Elsevier

Computers & Graphics

Volume 47, April 2015, Pages 24-33
Computers & Graphics

Technical Section
An advanced pre-positioning method for the force-directed graph visualization based on pagerank algorithm

https://doi.org/10.1016/j.cag.2014.10.001Get rights and content

Highlights

  • We take the importance degree of the vertices into consideration.

  • We propose a variant of the PageRank algorithm to calculate the importance degree for undirected graphs.

  • We propose a model to calculate the coordinates of center vertices.

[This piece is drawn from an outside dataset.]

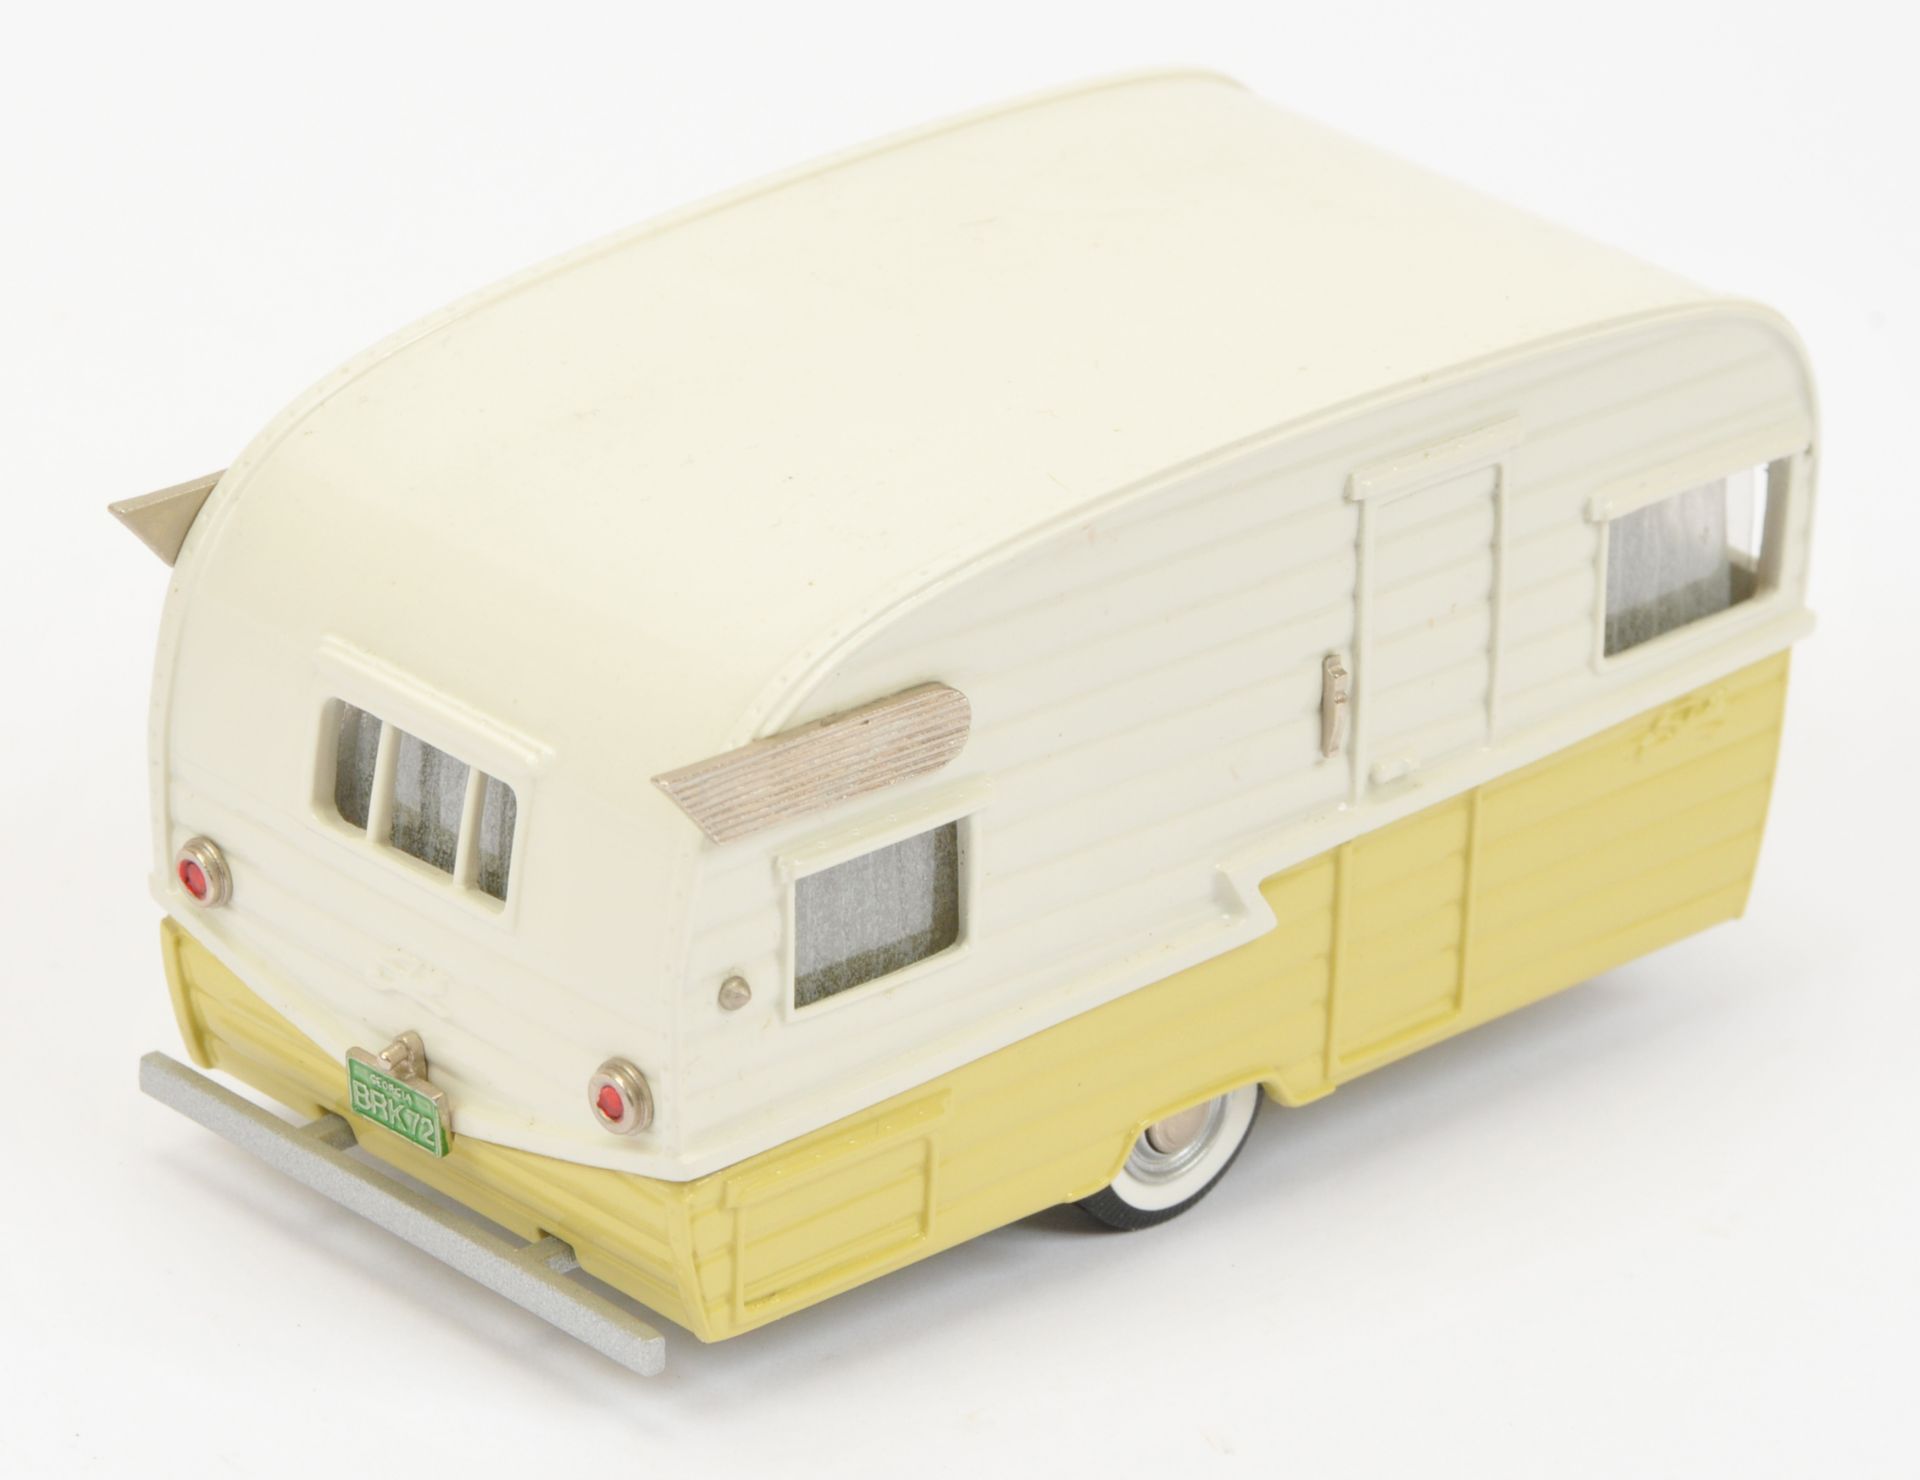 Brooklin Models a boxed BRK 72 1958 Shasta Airflyte Travel Trailer - Image 2 of 2

  • We preposition the vertices according to the importance degree.

Abstract

Graph visualization techniques aim to help users obtain deep insights about the structure and evolution of graphs through minimizing visual confusion and real-time updating of the drawing. This demands high effectiveness of the drawing algorithms to produce layout of graphs with few edge crossings. However, the classical force-directed algorithms fail to satisfy this requirement. In this paper, we solve this problem by using a novel and heuristic pre-positioning method based on a variant of the PageRank algorithm. In our algorithmic framework, five models are proposed to calculate the importance degree of each vertex, the relation matrix of the vertices, the layer each vertex belongs to, the available placing coordinates and the matching coefficient between a vertex and a position. After the pre-positioning procedure of each layer, the classical force-directed algorithm is used to calculate the final position of each vertex. Experimental results have shown that our approach can reduce the computing time as well as the number of edge crossings.

Introduction

Graphs have become one of the most widely used models to represent structural information as diagrams. In order to communicate information contained in the graph clearly, graph visualization has become a fast growing research area. Typically, graph visualization aims at visualizing the abstract data to reinforce human cognition. It has a broad application domain including scientific computing, network analysis, bioinformatics and network security.

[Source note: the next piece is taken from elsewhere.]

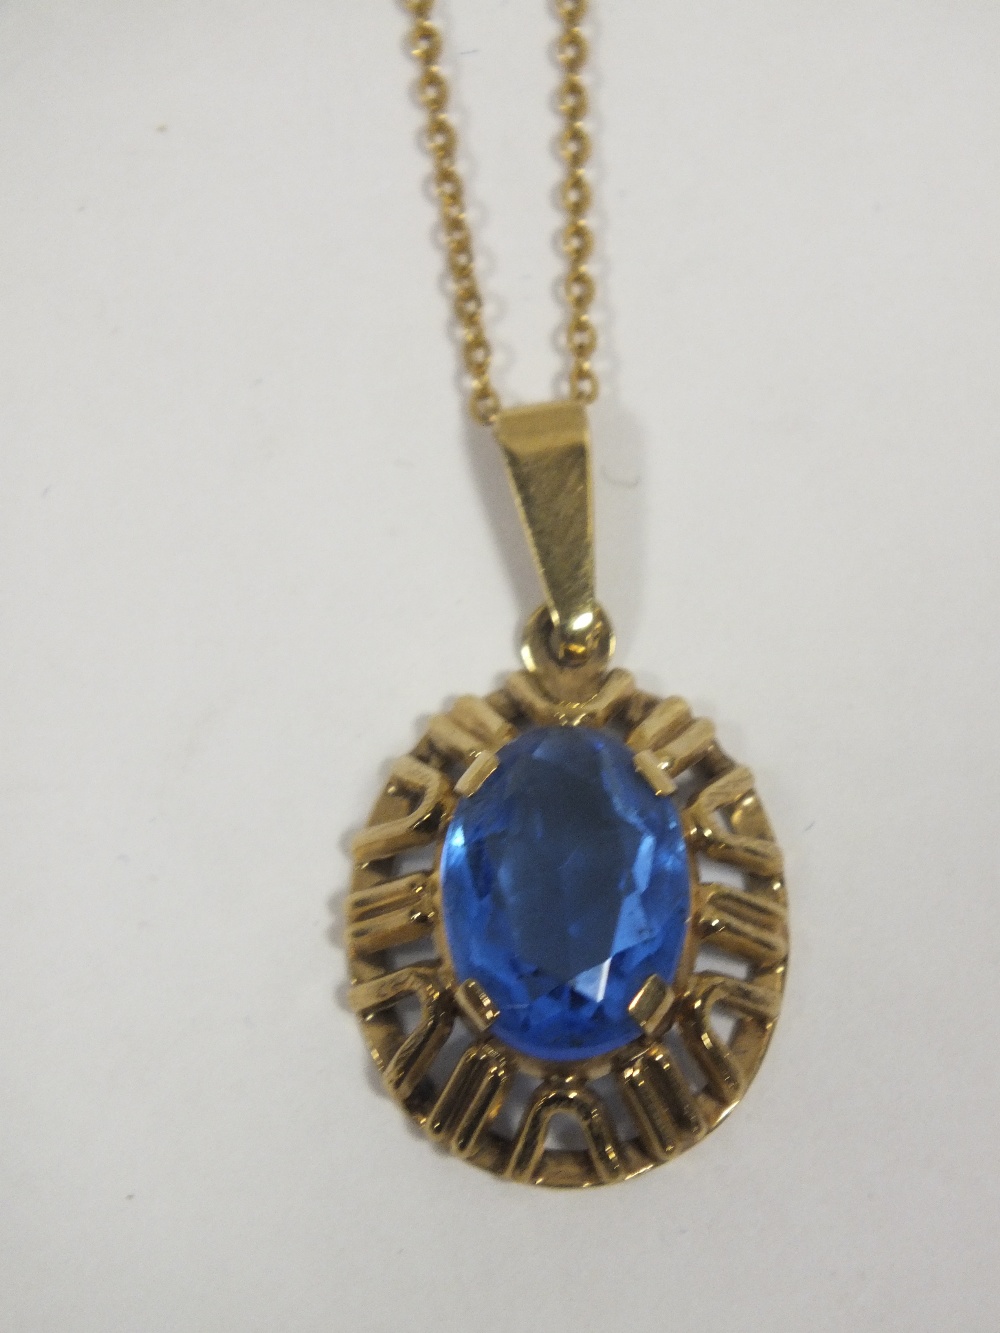 A 9CT GOLD PENDANT ON CHAIN SET WITH LARGE BLUE STONE

As Purchase et al. described in their literature, the process of human understanding was in close relation to the quality of the final layout [1], [2]. A good layout of graph can show the underlying relationships between the entities clearly, so that the readers can understand the information contained in the graph quickly. In contrast, a bad layout can make the structure of the graph confusing, and the readers will get a poor graph reading experience with more time spent. Empirical experiments performed by Purchase has shown that reducing the number of edge crossings is the key to getting a good layout as well as increasing the understandability of the graph [3].

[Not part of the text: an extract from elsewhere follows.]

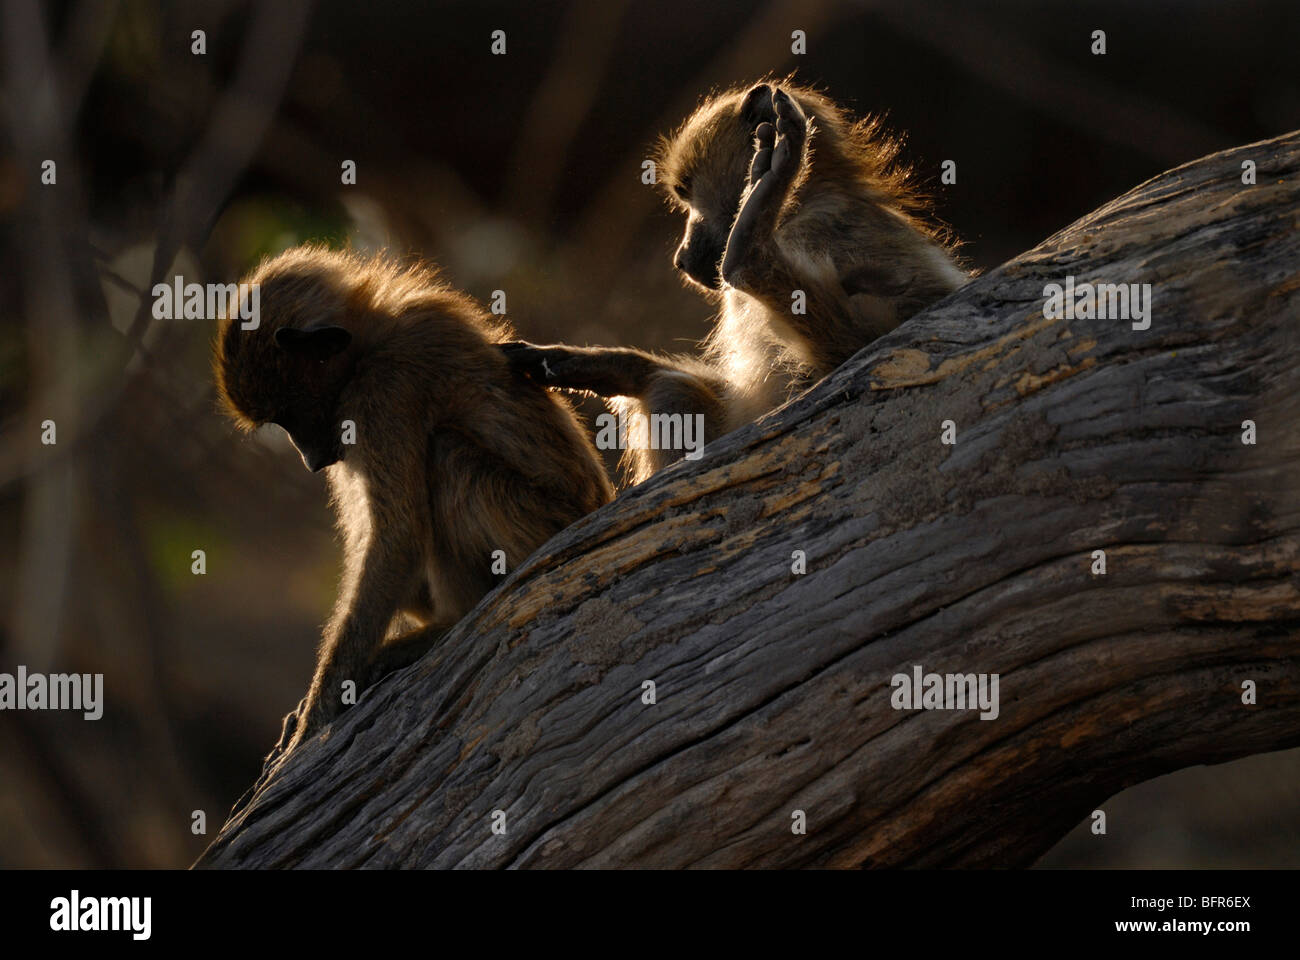 Pair of young baboons sitting in tree Stock Photo

In order to map the relational data structure as graphs, many graph layout algorithms have been proposed. Due to the ability to produce graphs in an aesthetically pleasing way, the force-directed graph drawing algorithms [4], [5] are the most widely used. A typical force-directed graph drawing algorithm, like Eades’ spring embedder, treats a graph as a mechanical system in which vertices are represented as steel rings and edges are represented as springs [6]. In this system, repulsive forces exist between any two vertices and attractive forces exist between two connected vertices. When the spring length is longer than the natural length, vertices are together; otherwise, vertices are pushed apart. In this way, the repulsive forces nullify the attractive forces so that two connected vertices maintain perfect distance to each other. After the vertices are placed at randomly chosen positions, the repulsive and attractive forces act on these vertices, and they are forced to move in the direction of the total force. However, the force-directed algorithms are very computing expensive because iterations are needed to find a minimal energy state. In addition, the final drawings often have lots of edge crossings which will reduce the readability [7]. Thus, the demand for high effectiveness of the graph drawing algorithms to produce comprehensible graphs in a short time cannot be satisfied.

In addition to the existing online visualization software [8], [9], [10], [11], many algorithms have been proposed to improve the performance of the force-directed algorithms. Koren used the spectral approach to reduce the time consumption and optimize the layout within a small vector space [12]. Tominski et al. combined dynamic filtering, graph lenses, and edge-based navigation to support different visualization tasks so as to improve the interactivity [13]. Shamir and Stolpnik presented the notion of visual queries as a graphical interface to visualize and interact with multivariate graphs [14]. They displayed the result in a pop-up view to promote view consistency. To visualize small world graph, van Ham and van Wijk proposed a method combined with both semantical and geometrical distortions [15]. For large graphs, Hosobe used high-dimensional approach to allow users to focus on interesting parts of graphs [16]. In order to reduce the edge crossings, Six and Tollis proposed an algorithm to produce drawings with low edge crossings first, then they used a postprocessing step to visit each vertex and determine whether the crossings could be reduced by moving that vertex next to one of its neighbors [17].

Exploring the convergence of the algorithms is also an important aspect of the force-directed methods. Gansner et al. introduced the majorization approach in the framework of graph layout [18]. They combined three extensions to the stress function of Kamada and Kawai [19] and speeded up the convergence rate by monotonically decreasing the stress until convergence. Hua et al. proposed a pre-positioning method to reduce the convergence time [20]. They precalculated the position of all the vertices according to the number of edge crossings each vertex had with other vertices before applying a force-directed algorithm.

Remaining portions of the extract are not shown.